Perhaps that's the right place for your tools as well?

Thanks,
Florian

^ permalink raw reply	[flat|nested] 5+ messages in thread

* Re: Linux kernel debugging and other features
  2019-05-13 20:20 Linux kernel debugging and other features Thomas Caputi
  2019-05-14  8:34 ` Florian Weimer
@ 2019-05-14 13:49 ` Philipp Rudo
  2019-05-15 13:28   ` Thomas Caputi
  1 sibling, 1 reply; 5+ messages in thread
From: Philipp Rudo @ 2019-05-14 13:49 UTC (permalink / raw)
  To: Thomas Caputi; +Cc: gdb, Florian Weimer, Dave Anderson

Hi Tom,

that really sounds like a great piece of code you are having. A little back I
worked at a similar project with focus on dump debugging on s390 [1].
Unfortunately the project never made it beyond the prototype...

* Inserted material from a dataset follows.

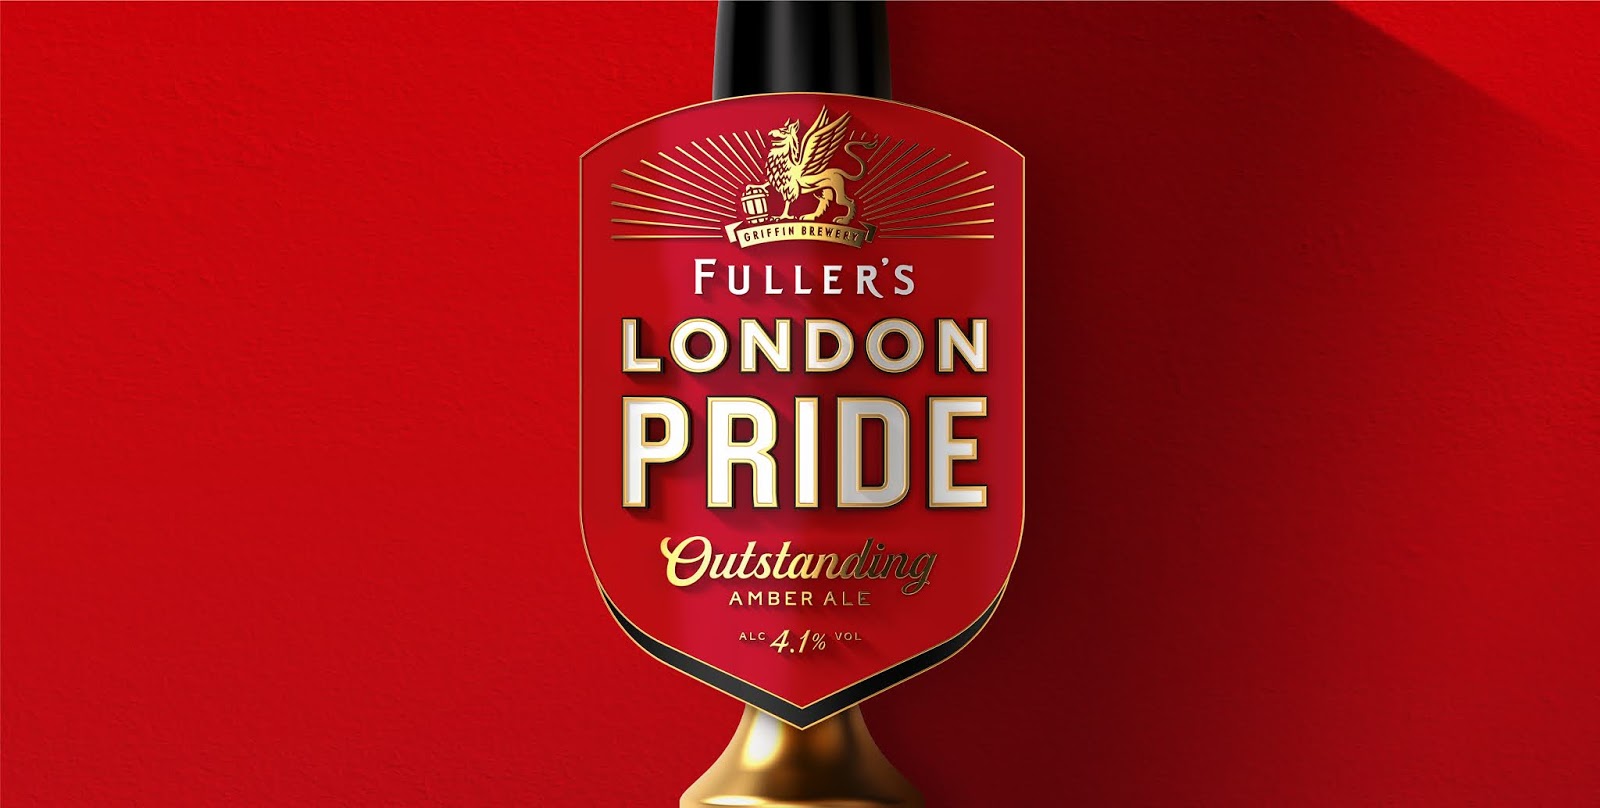 Fuller's London Pride

My approach back then was to include everything directly into GDB without
using any python scripts whatsoever. All in all it worked quite well and
allowed walking the task_struct and converting them to gdb threads,
create backtrace of kernel threads and loading kernel modules as 'shared
libraries'.

However there where also some drawbacks. As it was directly included into gdb
only elf dumps could be inspected. The virtual address translation was a
little bit shaky as addresses in gdb are represented by simple ulongs without
any information about the address space. Furthermore I concentrated on
post-mortem dumps, exactly for the problems you describe below...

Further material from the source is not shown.